История упадка и крушения Римской империи [без альбома иллюстраций] - Э. Гиббон
Шрифт:
Интервал:
Закладка:
Таким образом, трудная задача спасения империи от тиранов и от варваров была окончательно исполнена целым рядом иллирийских крестьян, возвысившихся до императорского престола. Как только Диоклетиан вступил в двадцатый год своего царствования, он отпраздновал эту достопамятную дату и успехи своего оружия блестящим триумфом. Только один Максимиан как равный ему по положению разделил с ним славу этого дня. Два Цезаря сражались и побеждали, но достоинство их подвигов приписывалось, согласно со строгими правилами того времени, благотворному влиянию их отцов и императоров.
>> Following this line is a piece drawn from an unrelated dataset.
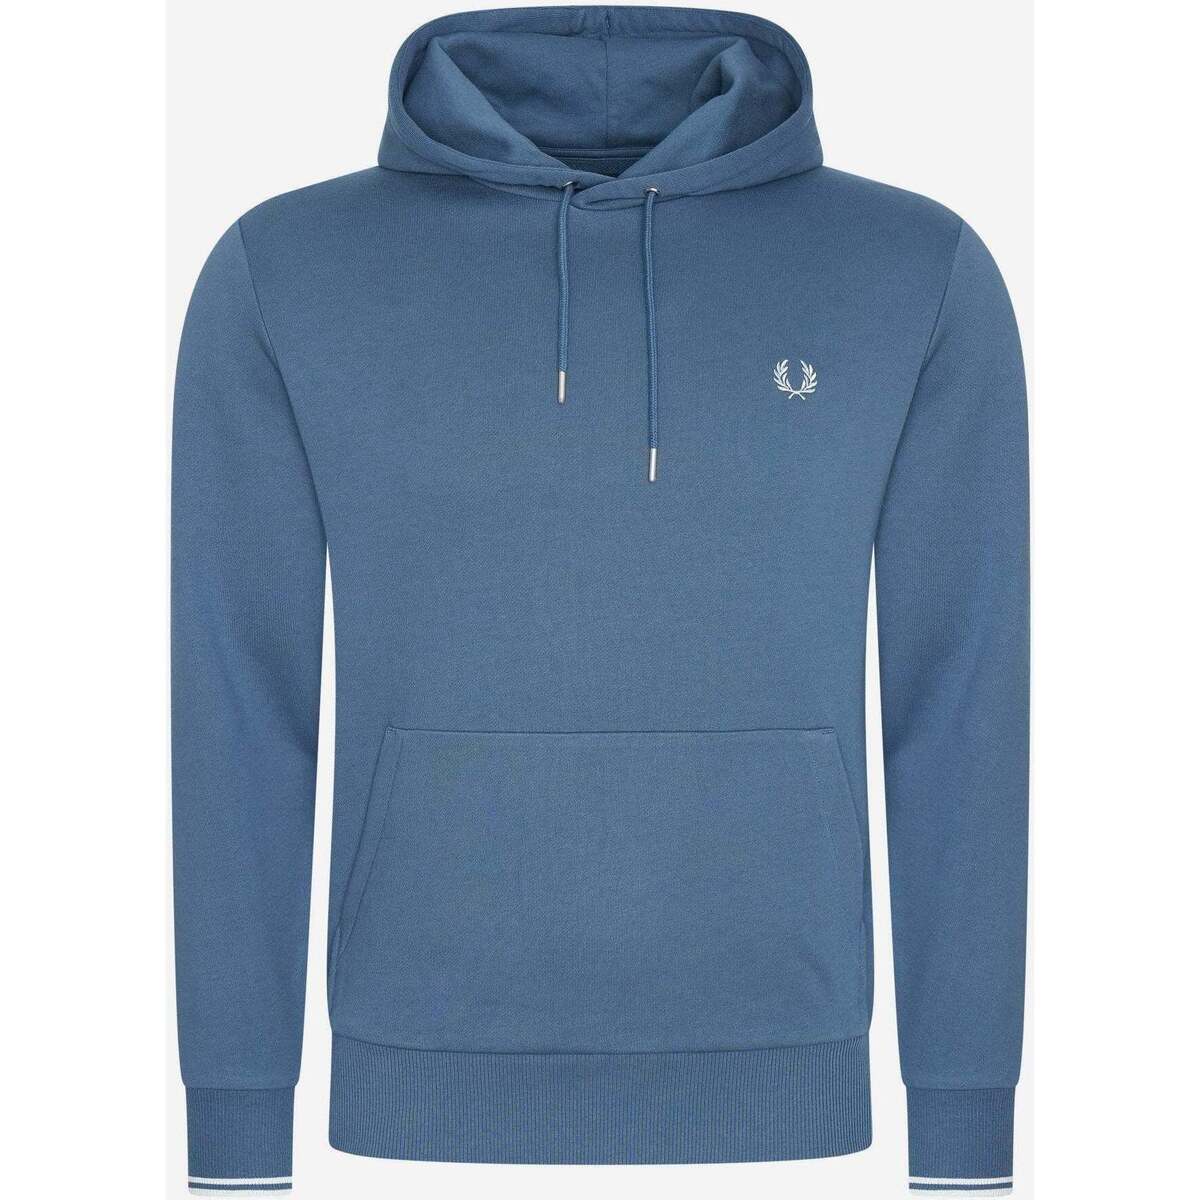 Textiel Heren Sweaters / Sweatshirts Fred Perry Tipped hooded sweatshirt Other

Триумф Диоклетиана и Максимиана, быть может, был не так великолепен, как триумфы Аврелиана и Проба, но он имел преимущества более блестящей славы и более блестящего счастья. Африка и Британия, Рейн, Дунай и Нил доставили свои трофеи для триумфа, но самым лучшим его украшением была победа над персами, сопровождавшаяся важными территориальными приобретениями. Впереди императорской колесницы несли изображения рек, гор и провинций; а изображения пленных жен, сестер и детей великого короля доставляли тщеславной толпе новое для нее и приятное зрелище. Впрочем, в глазах потомства этот триумф замечателен еще другим, хотя и менее лестным отличием. Это был последний триумф, какой видели римляне. Вскоре после того императоры перестали побеждать, и Рим перестал быть столицей империи.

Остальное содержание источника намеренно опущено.